NO; the standard here is clear: any access to a volatile object is a side
effect (see , and optimization is NOT allowed to eliminate side effects, and
must do them respecting sequence points, even if it determines that the code
will in fact do nothing (see 5.1.2.3, at least in the document I have which
one of the last draft, dated 18th January 1999). That's the whole point of
the volatile specifier.
Bernard
--------------------------------------------
Bernard Dautrevaux
Microprocess Ingenierie
97 bis, rue de Colombes
92400 COURBEVOIE
FRANCE
Tel: +33 (0) 1 47 68 80 80
Fax: +33 (0) 1 47 88 97 85
e-mail: [email protected]
[email protected]
--------------------------------------------
> -----Original Message-----
> From: Rogelio M. Serrano Jr. [mailto:[email protected]]
> Sent: Tuesday, January 08, 2002 1:15 AM
> To: Bernard Dautrevaux
> Subject: Re: [PATCH] C undefined behavior fix
>
>
> I tried the same thing using gcc 3.1
> the file test.c contains:
>
> struct x{
> volatile unsigned int x1:8;
> };
>
> unsigned char f1(struct x* p)
> {
> return p->x1;
> }
>
> unsigned char f(unsigned int* p, unsigned char* q)
> {
> *p = *q;
Note that in my case, the problem is caused by
*q = *p;
as this request 8-bits from a 32-bits volatile, and gcc-2.95.3 generates a
byte load ;-(
> }
>
> compiling with gcc -O2 -S test.c yields:
>
> .file "test.c"
> .text
> .align 2
> .p2align 4,,15
> .globl f1
> .type f1,@function
> f1:
> pushl %ebp
> movl %esp, %ebp
> movl 8(%ebp), %eax
> movb (%eax), %al
So here we get the (correct but annoying) byte access to an 8-bit field
taken from a 32-bit integer.
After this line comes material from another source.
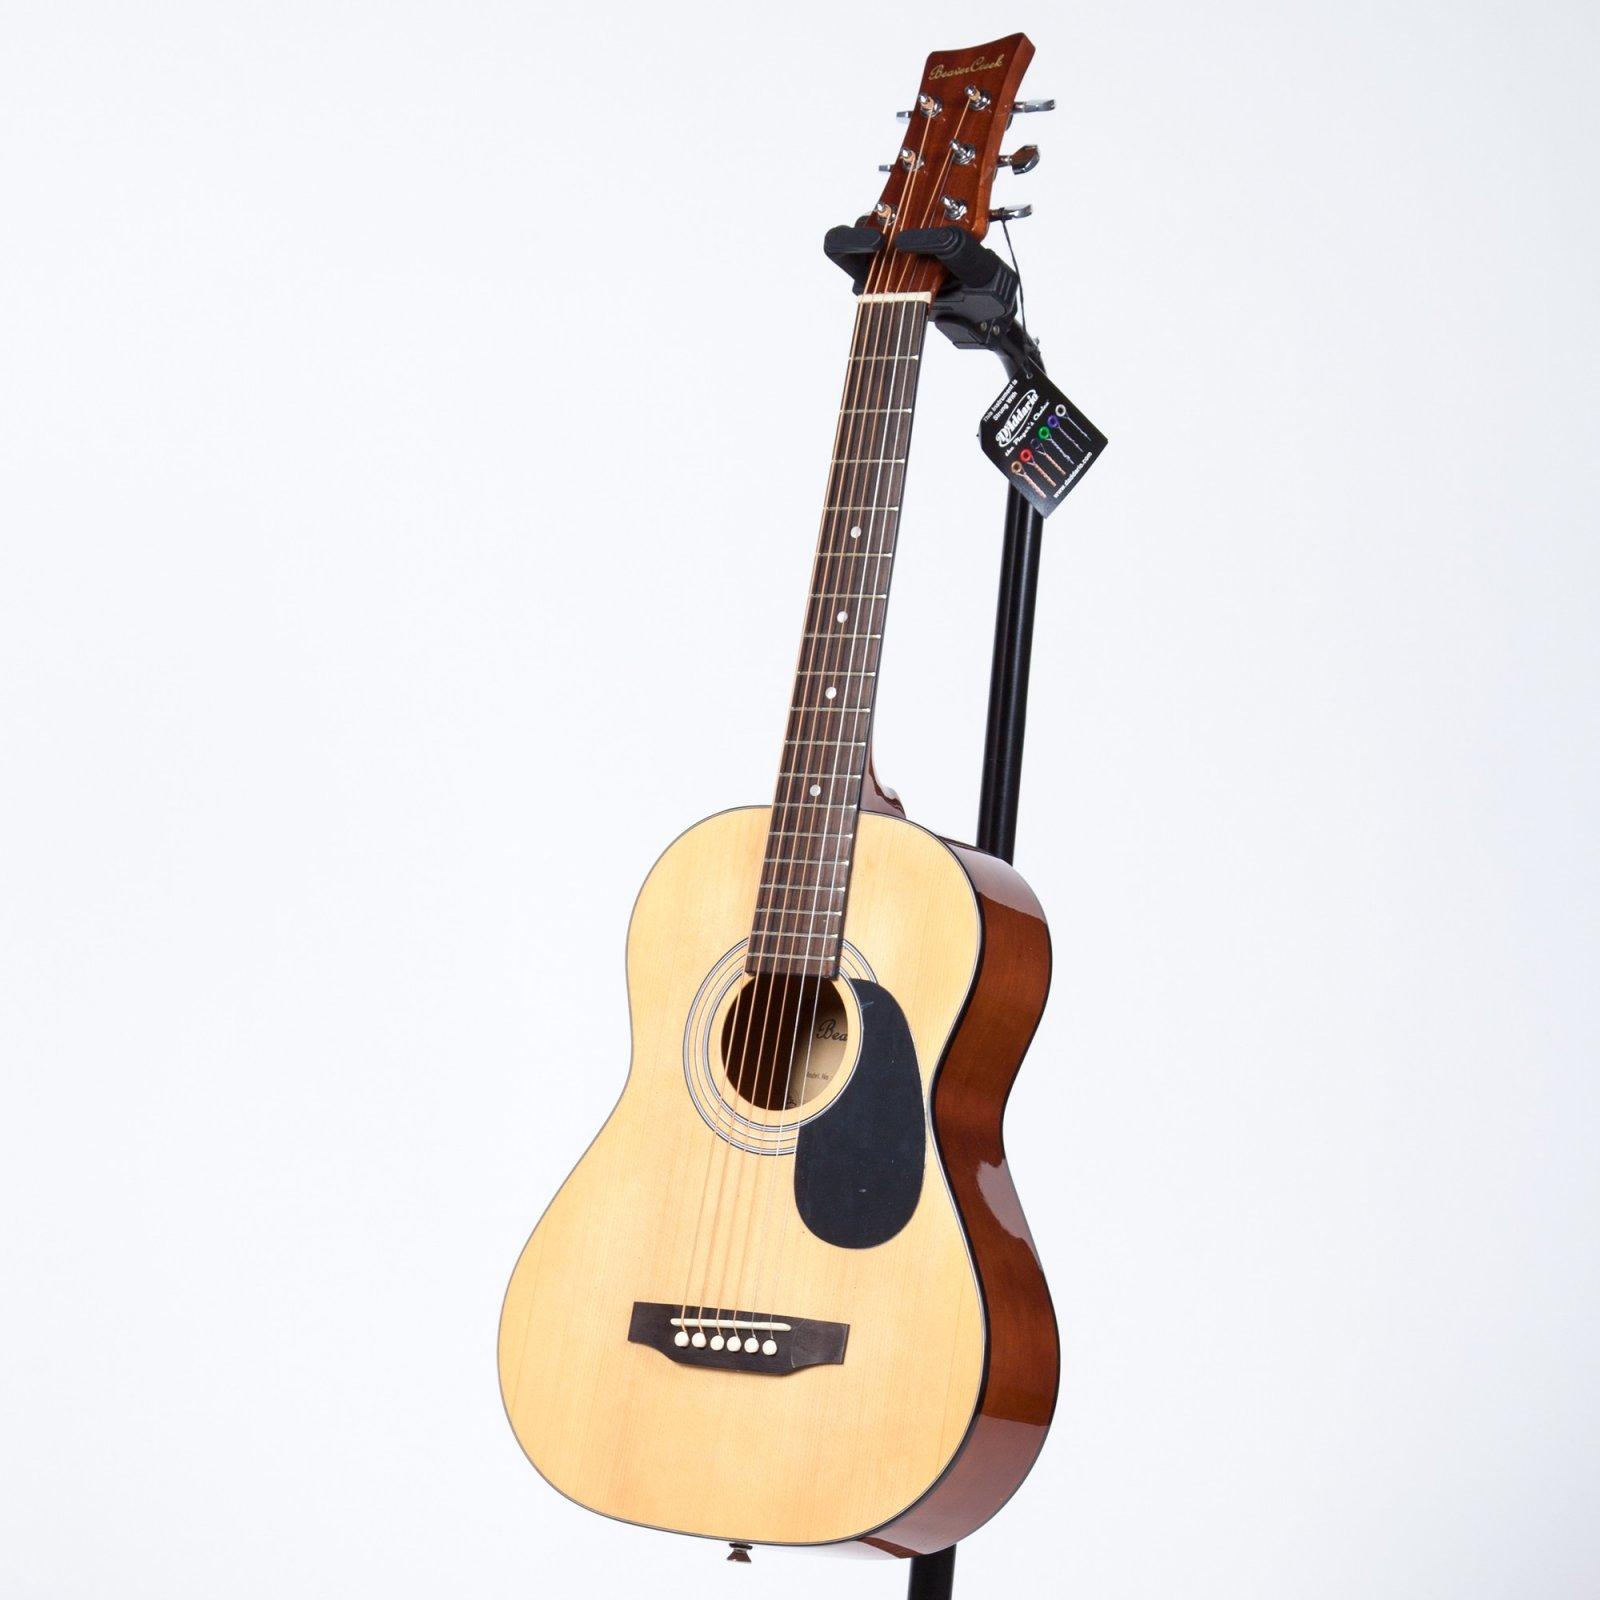 BEAVER CREEK 401 Series - 1/2 Size Acoustic

That's exactly what we had to change for
volatile to be useful, so that this access is in fact a 32-bit access.
> andl $255, %eax
> popl %ebp
> ret
> .Lfe1:
> .size f1,.Lfe1-f1
> .align 2
> .p2align 4,,15
> .globl f
> .type f,@function
> f:
> pushl %ebp
> movl %esp, %ebp
> movl 12(%ebp), %eax
> xorl %edx, %edx
> movb (%eax), %dl
This is correct as you read *q, which is a byte
> movl 8(%ebp), %eax
> movl %edx, (%eax)
And hopefully, this is correct also as you write all the 32-bits of *p, as
requested.
> popl %ebp
> ret
> .Lfe2:
> .size f,.Lfe2-f
> .ident "GCC: (GNU) 3.1 20011231 (experimental)"
>
So at least for the first test, gcc-3.1 generates the same (anoying) code as
2.95.3. I'm quite sure this is legal, as I can't see in the standard if when
writing:
volatile unsigned int x:8;
I define:
1) a volatile 8-bit field to be interpreted as an unsigned int.
2) an 8-bit field which is part of a volatile unsigned int.
It seems to me that the choice between these two interpretation is
implementation defined; what bothers me is that the GCC choice (1) is not
the more useful in my case (system programming), nor the more natural IMHO.
The second problem I had on 2.95.3 is more anoying, and may well be a GCC
bug; clearly I ask to read a volatile unsigned int, and to forget 24bits out
of it, but GCC only read th e8 interesting bits. It seems that this violate
the 'side effect preserve' definition of volatile (although in a way
coherent with choice 1 above).
So it would seem more coherent to correct the second problem (if it exists
in 3.0) and switch to model (2) above... but that has to be discussed and
documented (although that is what we made in our own compiler).
Regards,
Bernard
--------------------------------------------
Bernard Dautrevaux
Microprocess Ingenierie
97 bis, rue de Colombes
92400 COURBEVOIE
FRANCE
Tel: +33 (0) 1 47 68 80 80
Fax: +33 (0) 1 47 88 97 85
e-mail: [email protected]
[email protected]
--------------------------------------------
On Mon, Jan 07, 2002 at 04:16:32PM -0800, mike stump wrote:
>
> I assume you meant something like this:
>
> char * volatile cp;
>
> main() {
> return cp - cp;
> }
No. No. In this case you're giving cp external linkage, which means it
can be observed from the outside. Plus, you're reading it multiple times,
which in the case of volatile definitely means it should be read multiple
times because it might be modified by something external between those
reads, and that may be exactly what you want to observe with your code.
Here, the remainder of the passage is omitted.